→ **TASK PROMPT**
Nothing but the text should be carried over: reproduce all the data exactly and leave out every image.

→ **RECORDED INFORMATION**
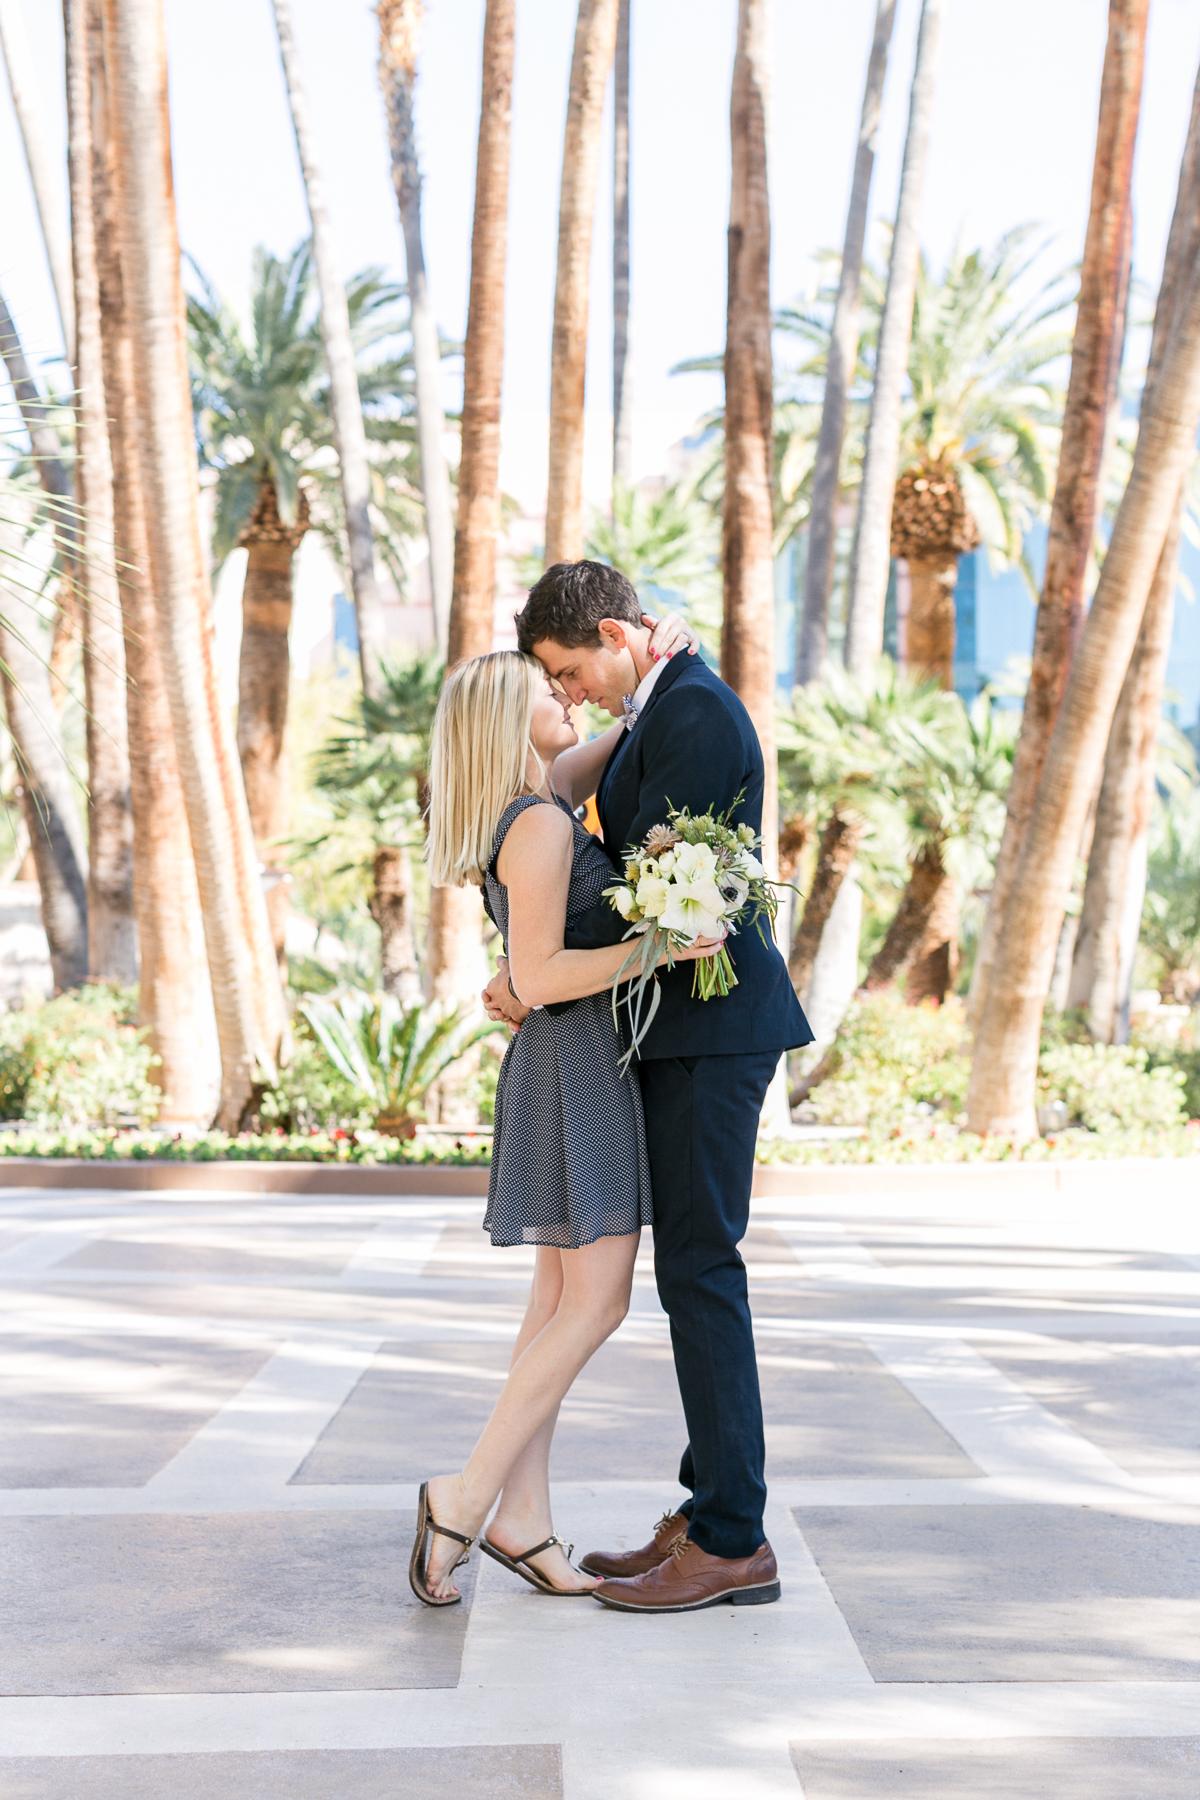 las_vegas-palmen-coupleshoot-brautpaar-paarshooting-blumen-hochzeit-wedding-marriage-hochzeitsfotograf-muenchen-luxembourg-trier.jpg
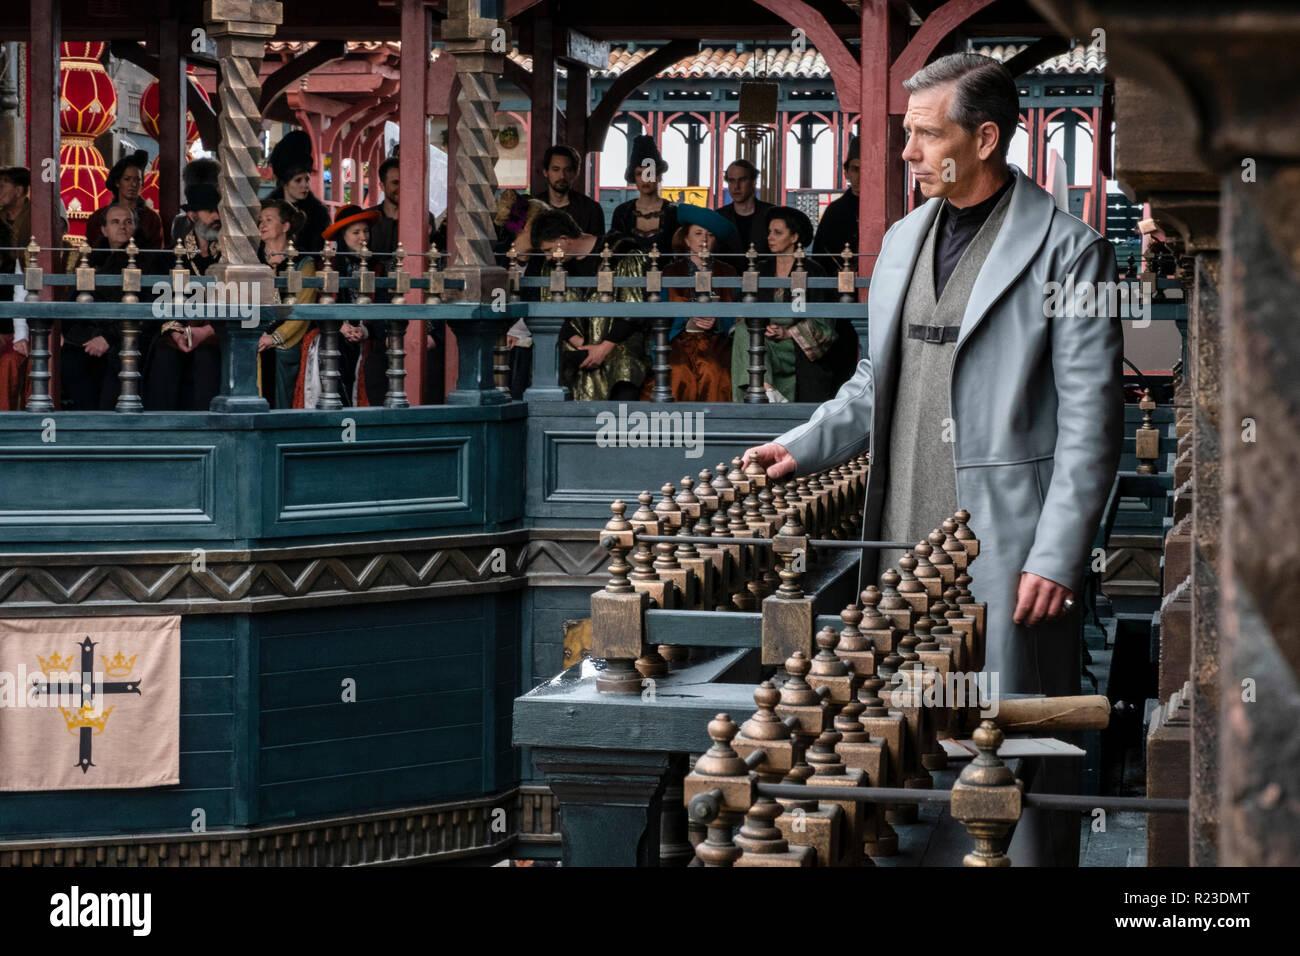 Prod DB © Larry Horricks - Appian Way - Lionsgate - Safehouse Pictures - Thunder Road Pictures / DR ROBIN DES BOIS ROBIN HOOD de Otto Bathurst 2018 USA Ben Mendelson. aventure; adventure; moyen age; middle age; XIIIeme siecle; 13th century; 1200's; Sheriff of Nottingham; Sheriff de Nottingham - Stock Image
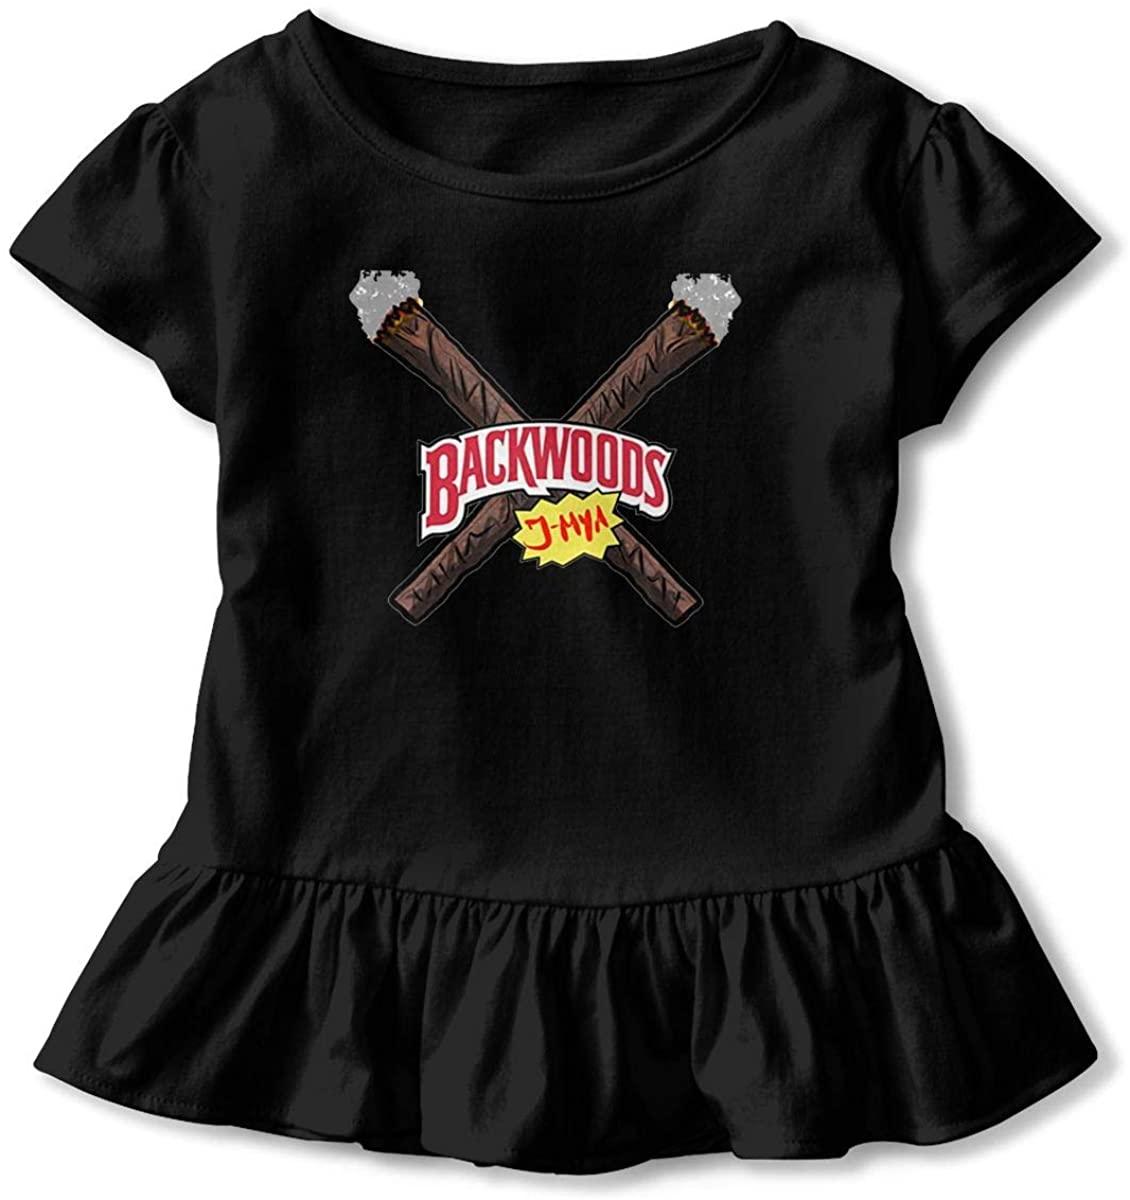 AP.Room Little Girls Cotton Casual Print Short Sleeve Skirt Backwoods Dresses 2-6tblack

→ **EXPECTED ANSWER**
 las_vegas-palmen-coupleshoot-brautpaar-paarshooting-blumen-hochzeit-wedding-marriage-hochzeitsfotograf-muenchen-luxembourg-trier.jpg
 Prod DB © Larry Horricks - Appian Way - Lionsgate - Safehouse Pictures - Thunder Road Pictures / DR ROBIN DES BOIS ROBIN HOOD de Otto Bathurst 2018 USA Ben Mendelson. aventure; adventure; moyen age; middle age; XIIIeme siecle; 13th century; 1200's; Sheriff of Nottingham; Sheriff de Nottingham - Stock Image
 AP.Room Little Girls Cotton Casual Print Short Sleeve Skirt Backwoods Dresses 2-6tblack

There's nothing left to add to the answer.